ほんのわずかに端に暖色がにじむ薄明の空の水色と、画面のどこかに捉えられた水色・青。アリゾナネバダなど乾いた大地のロードサイドの風景だけれど、なぜか少ししっとりとした感じのある青色が、やっぱり美しい。

(一つだけ苦言を呈すると、一部の写真の額装部分に歪みなどが見られました。写真も空間もとてもよいものだけに、ちょっと残念……)

会期は今週末20日までと、あまり長い期間はありませんが、もしよろしければ、小泉さんの写真をぜひ直に見てみてください。

小泉佳春「Before」展
会場:森岡書店銀座店(東京都中央区銀座一丁目28-15 鈴木ビル1F)
会期:2023年8月15日(火)~20日(日)
時間:13:00-19:00(最終日は18:00まで)


わずかですが、私の手元にも、小泉さんの美しい写真が載った本があります。

『美しいもの』『美しいこと』
赤木明登/小泉佳春(写真)、新潮社

いずれも雑誌「住む。

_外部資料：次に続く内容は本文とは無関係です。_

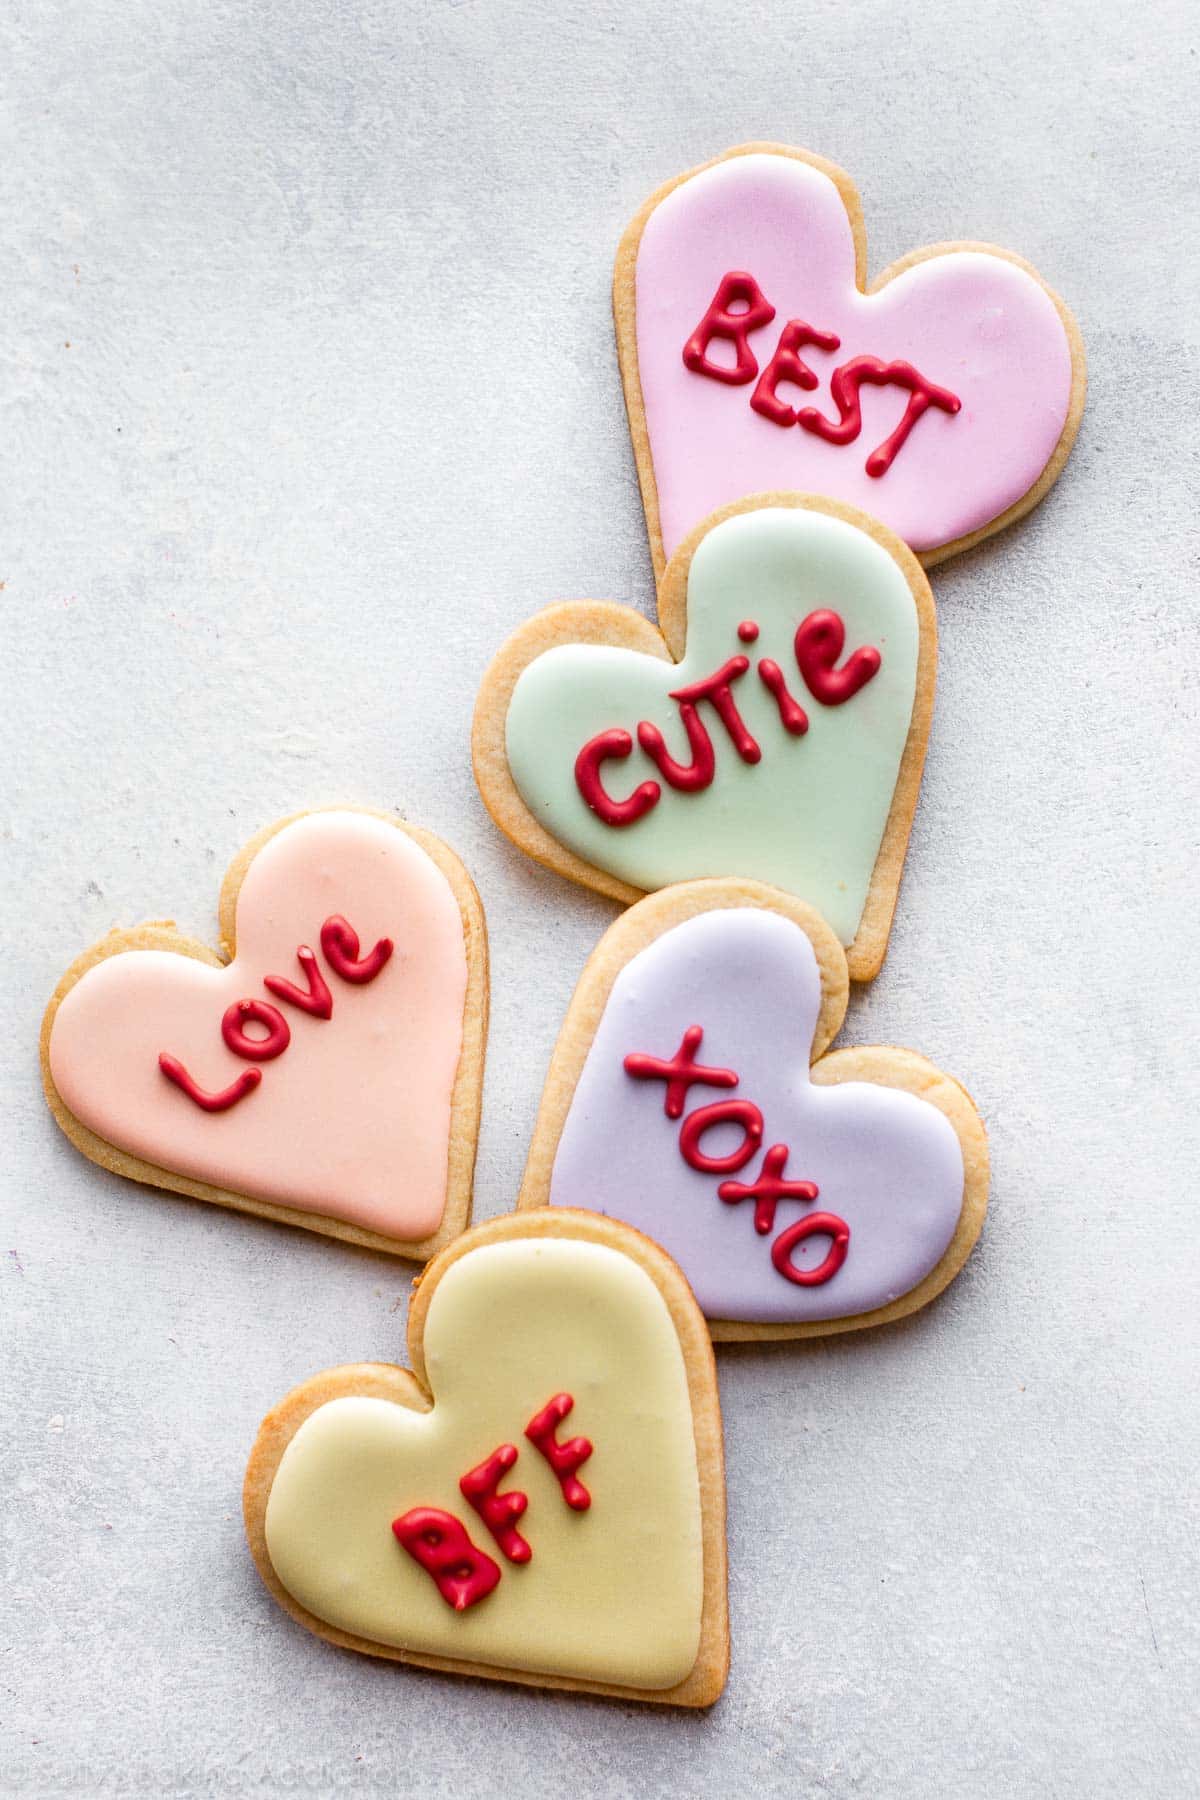 conversation heart sugar cookies with colorful royal icing

」の連載から生まれた本で、輪島塗の塗師赤木明登さんが、さまざまな分野の「ものをつくる」人を訪ね、対話を重ねて考えた「美しいもの・こと」について綴ったエッセイ集です。

表紙や背に、赤木さんの名前と並んで「写真/小泉佳春」と記されているように、赤木さんの文章だけでなく、小泉さんの写真もまた、本書の大きな柱となっています。もの・人・場・風景と、被写体はさまざまですが、どの写真にも共通する一本の筋のようなものが感じられます。

時間が止まったように静止しているのだけれど、ほんのりやわらかくあたたかい、人の手の名残のような雰囲気が伝わってくる――

昨日、本棚から取り出して読み直してみて、つくづく美しいなぁ……と惚れ惚れしました。

いずれも10年以上前に刊行された本でもあり、書店店頭で見つけるのは決して簡単ではないかと思いますが(それでも、大きな書店の在庫を見ると今も在庫があるようです)、よかったらぜひ、お手にとってみてください。